Provided data |
- Opening Delimiter -
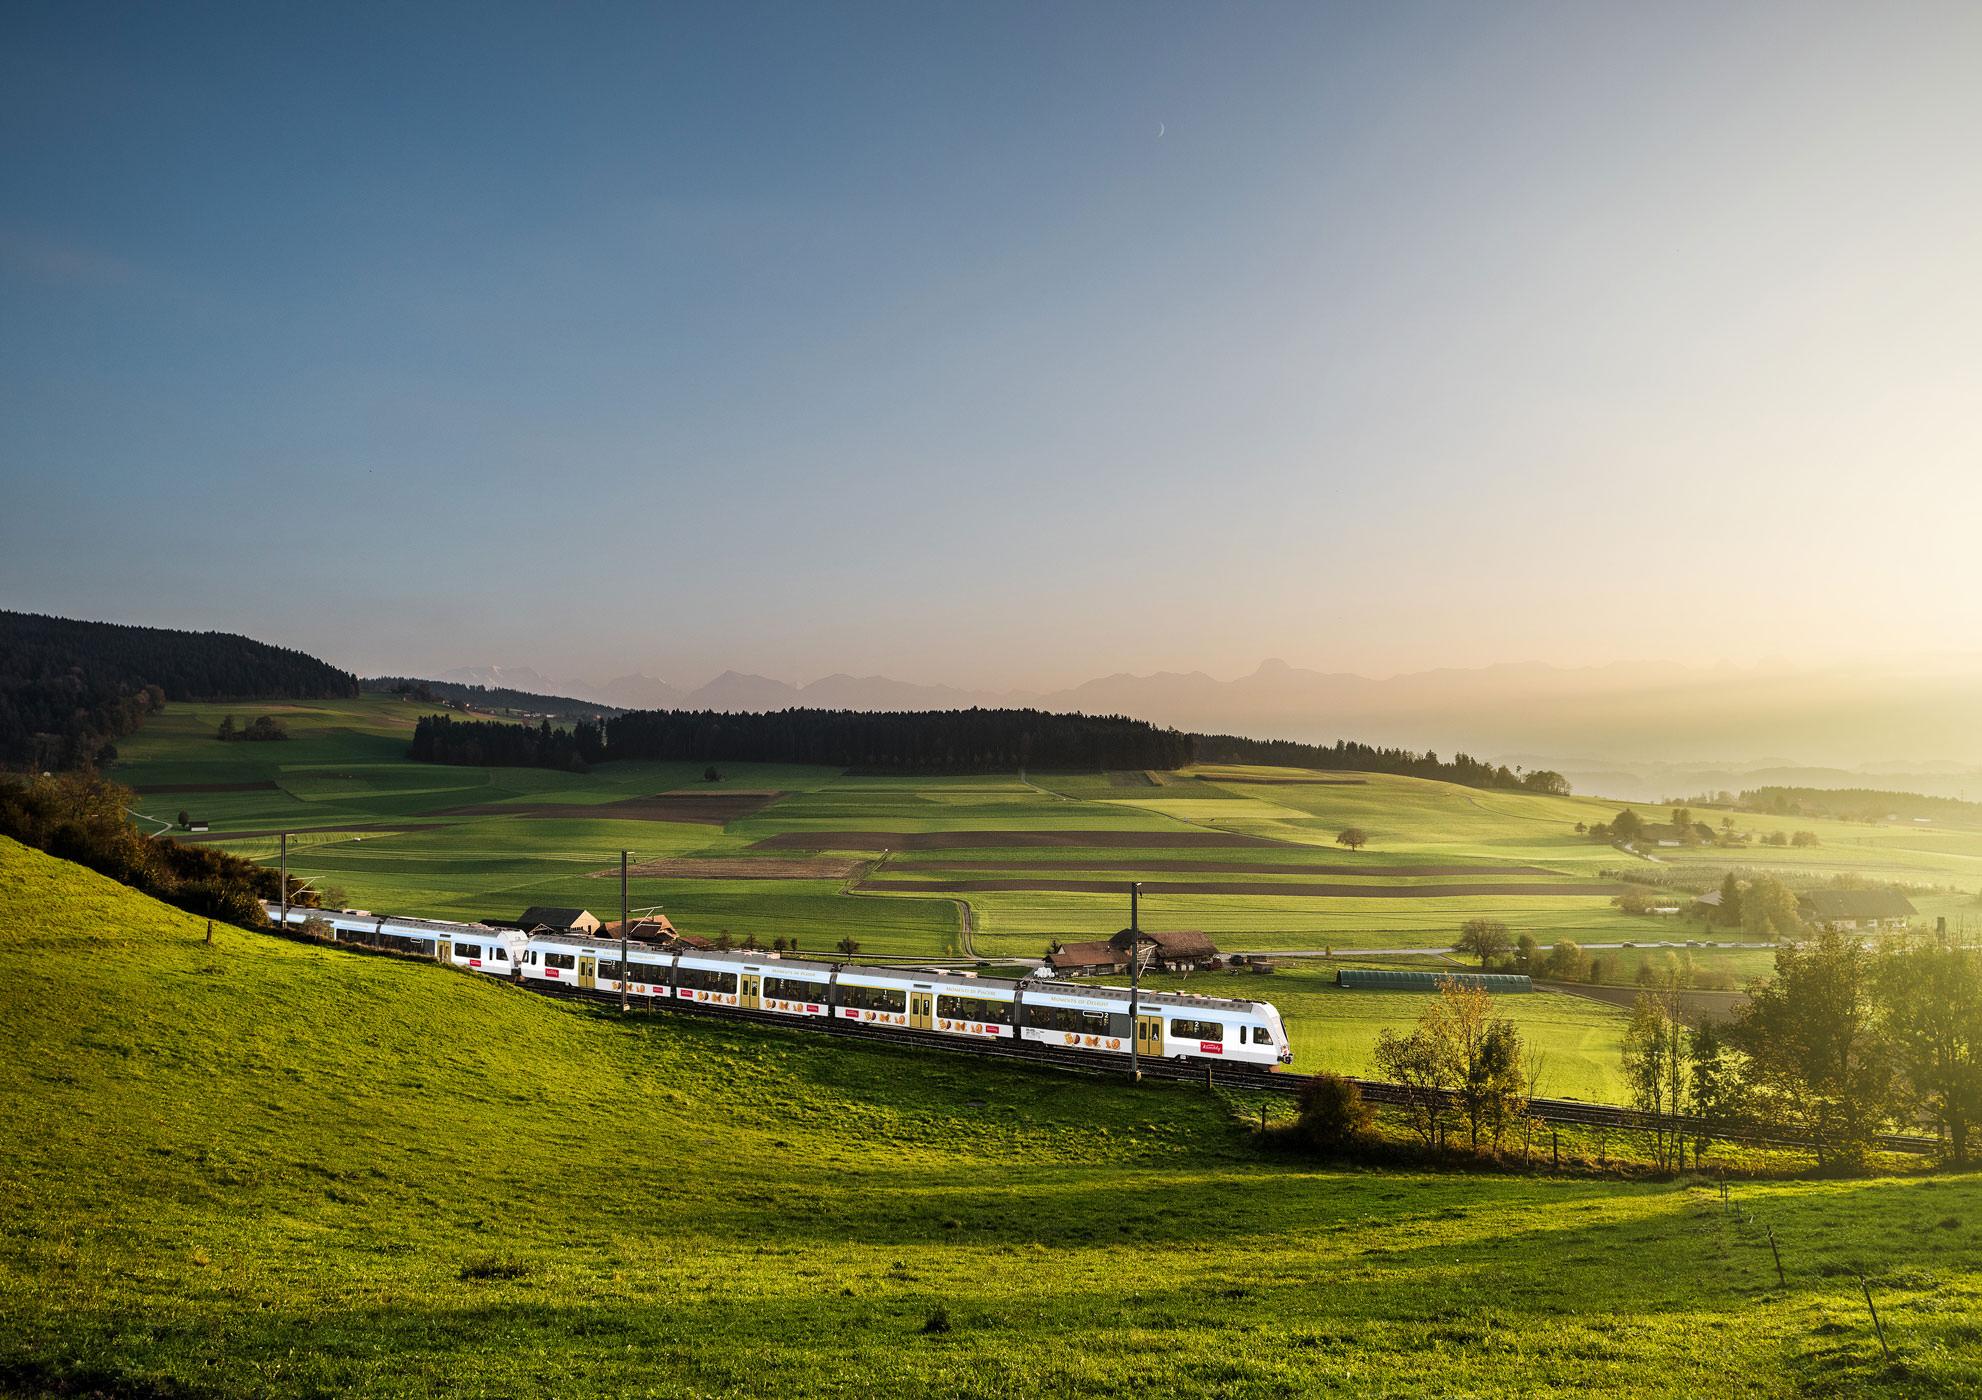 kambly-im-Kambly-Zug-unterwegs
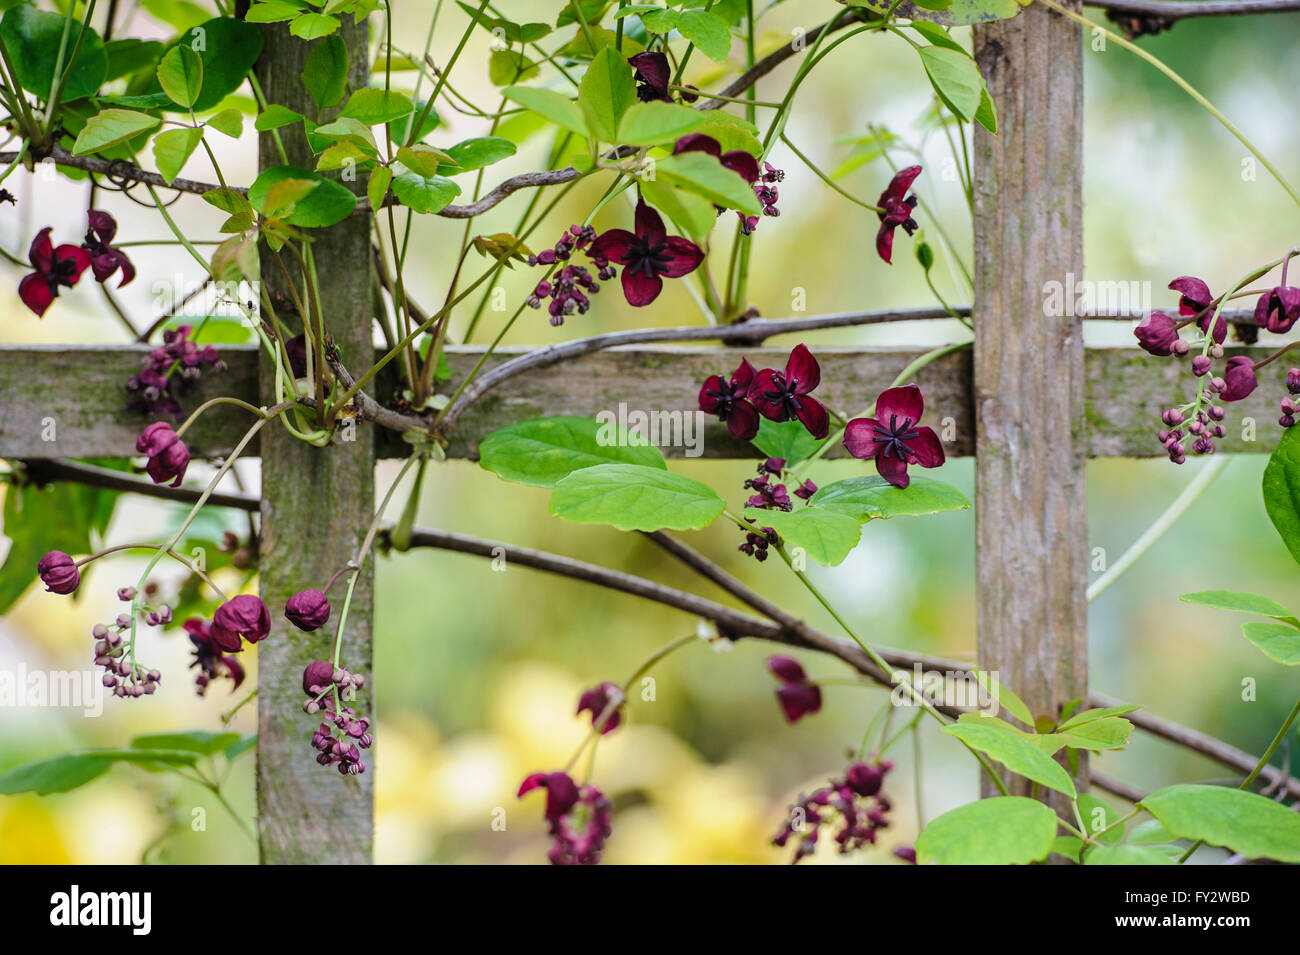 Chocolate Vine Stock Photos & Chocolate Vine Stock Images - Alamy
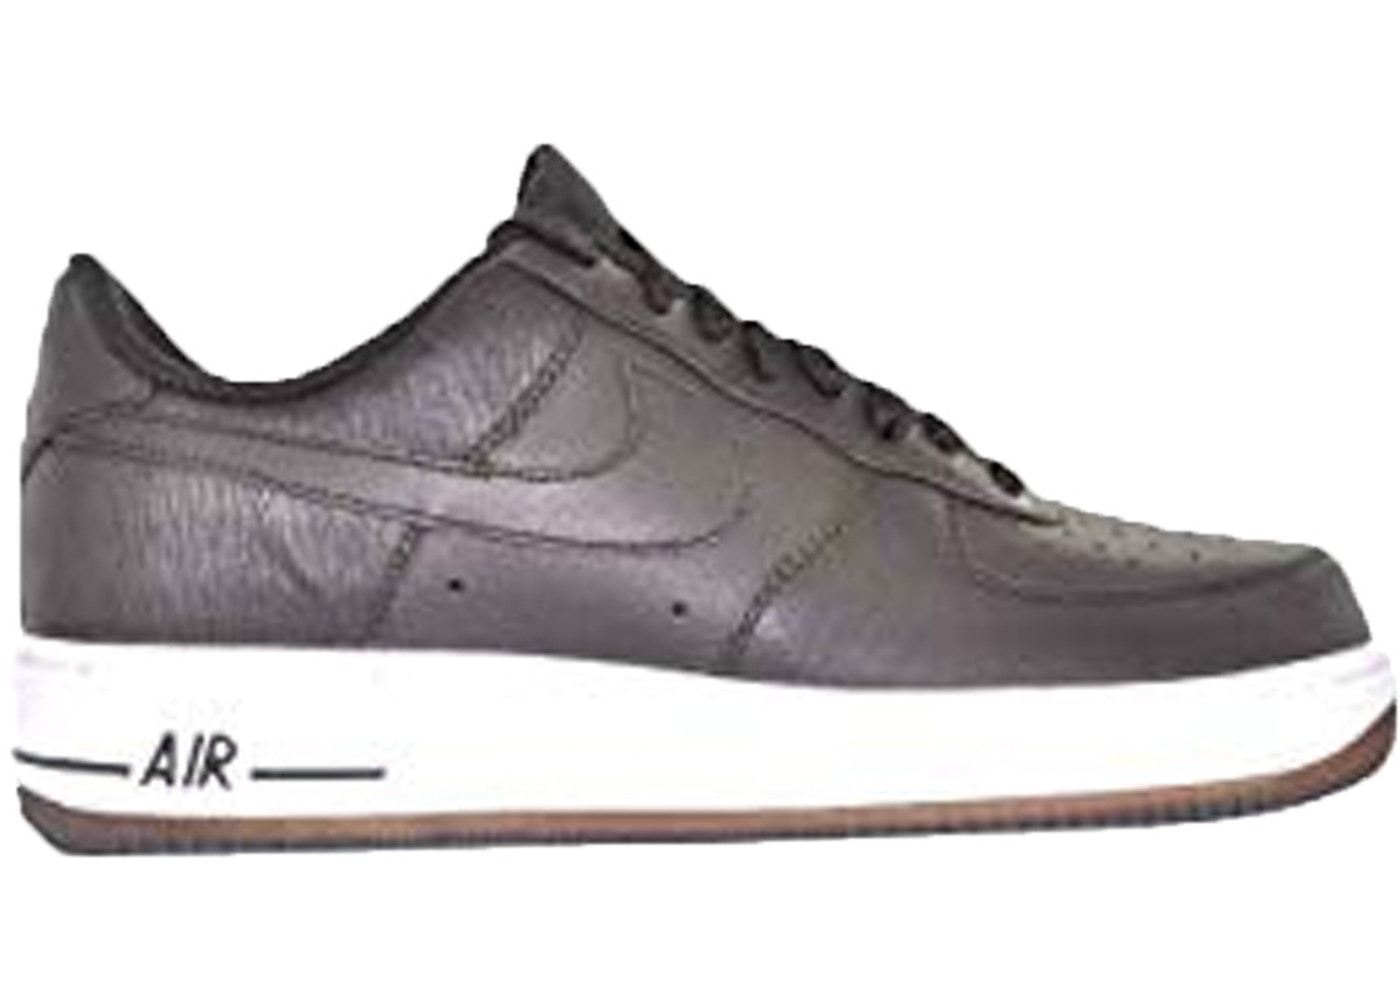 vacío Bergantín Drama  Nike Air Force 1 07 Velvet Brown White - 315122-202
- Closing Delimiter -
What needs to be done | Transcribe the listing in full. Leave the pictures out.

Written response |
 kambly-im-Kambly-Zug-unterwegs
 Chocolate Vine Stock Photos & Chocolate Vine Stock Images - Alamy
 vacío Bergantín Drama  Nike Air Force 1 07 Velvet Brown White - 315122-202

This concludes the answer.